▶ **Task objective**:
Skipping all pictures, print exactly the lines below from the one with "Energielabel Smaragddijk 26 Roosendaal" through the final line.

▶ **Dataset content**:
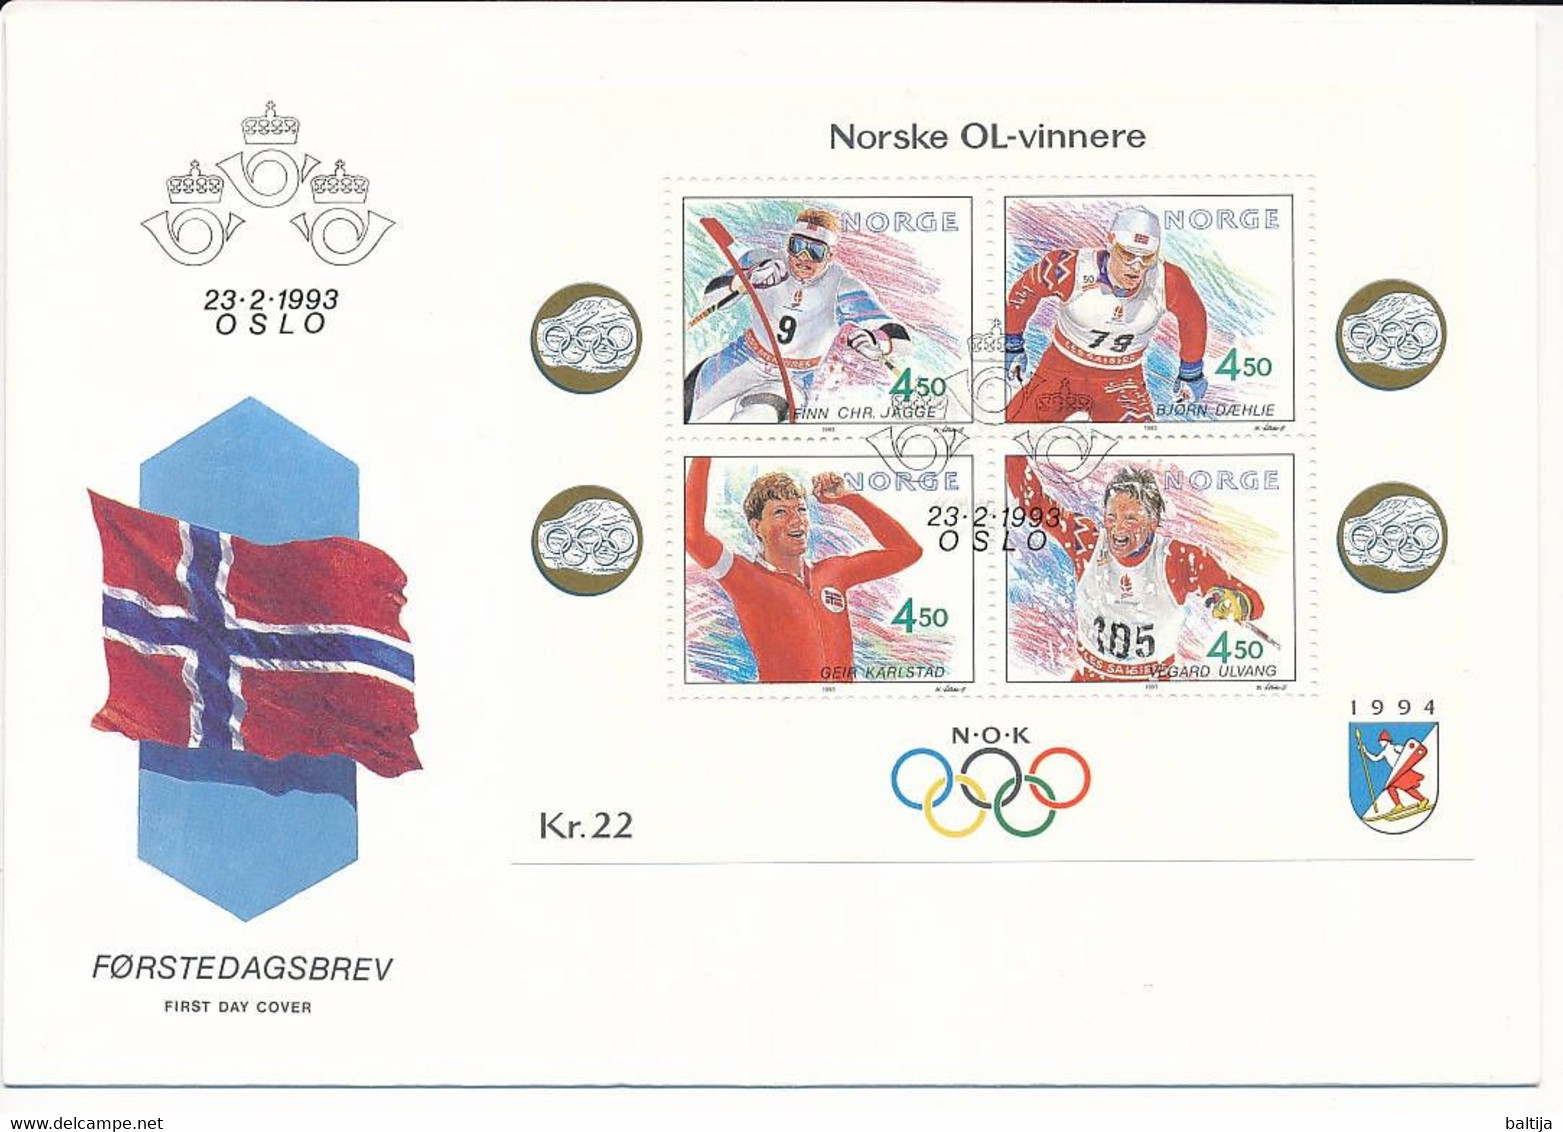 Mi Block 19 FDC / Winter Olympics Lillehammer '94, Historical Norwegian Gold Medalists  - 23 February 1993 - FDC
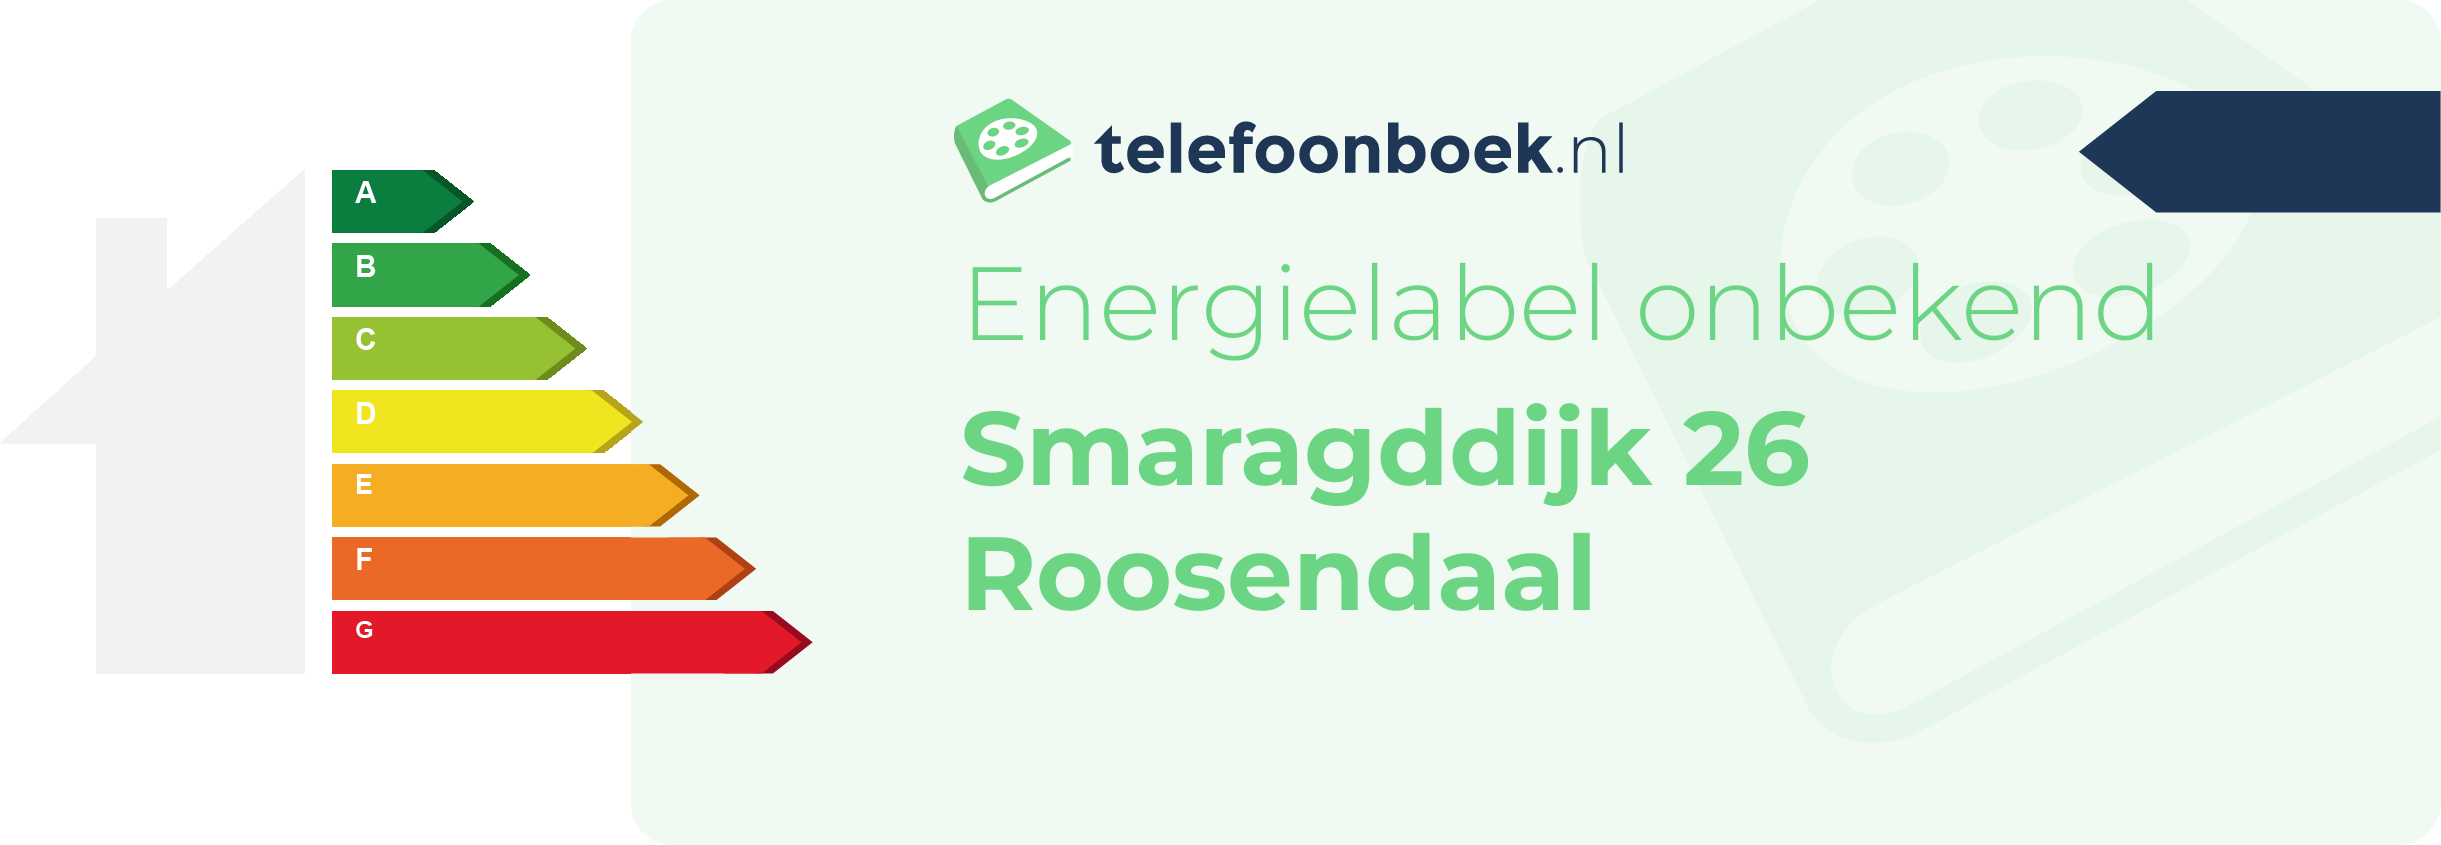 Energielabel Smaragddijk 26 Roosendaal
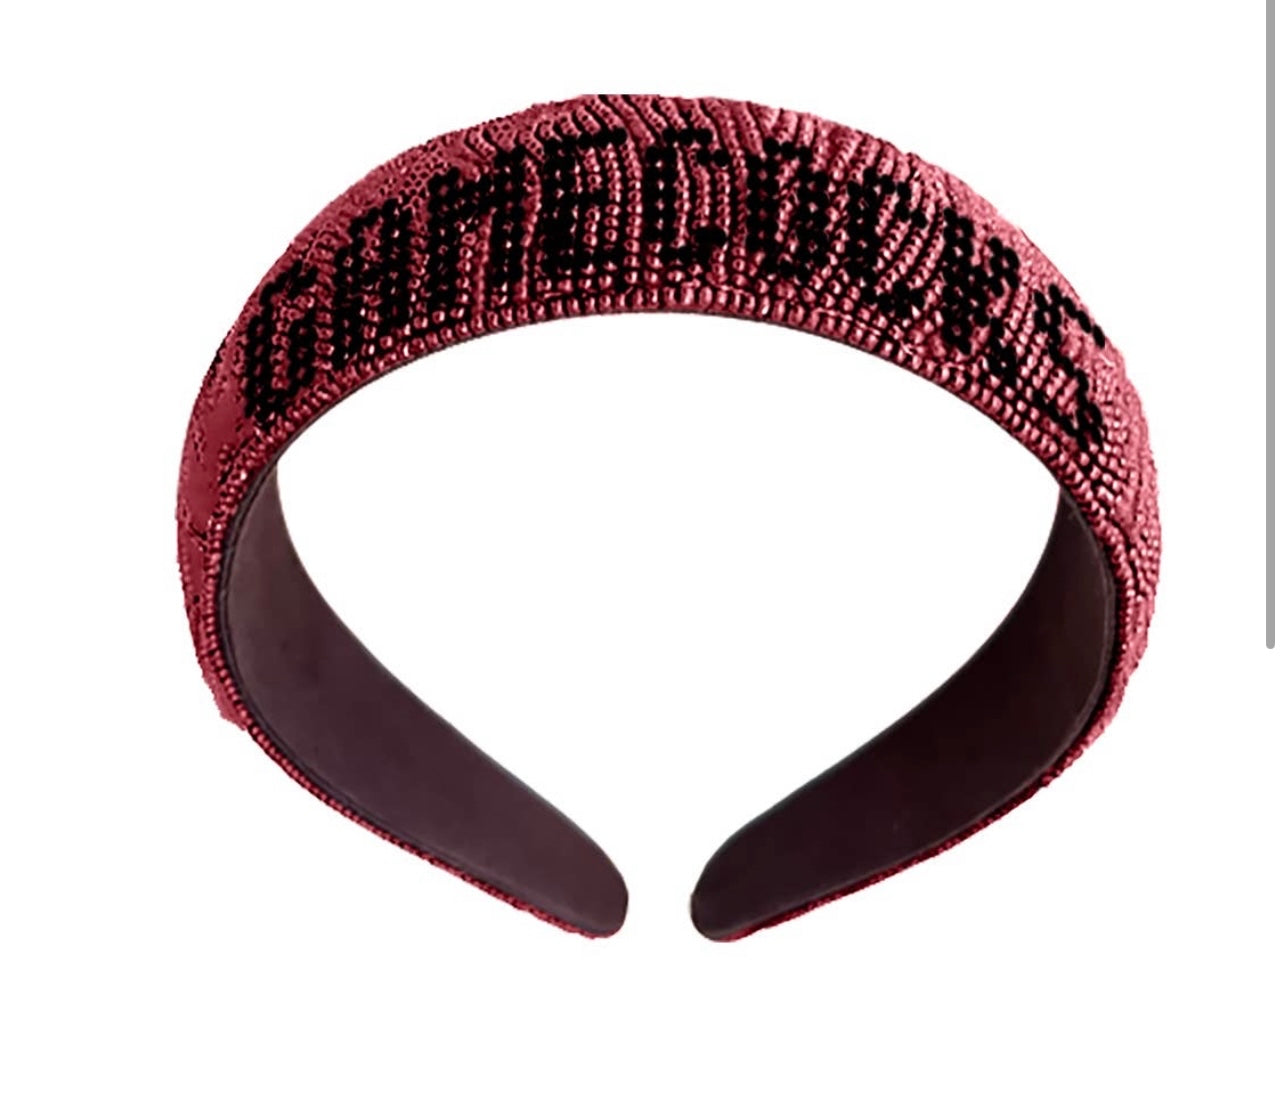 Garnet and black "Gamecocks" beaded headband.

▶ **Task result**:
 Energielabel Smaragddijk 26 Roosendaal
 Garnet and black "Gamecocks" beaded headband.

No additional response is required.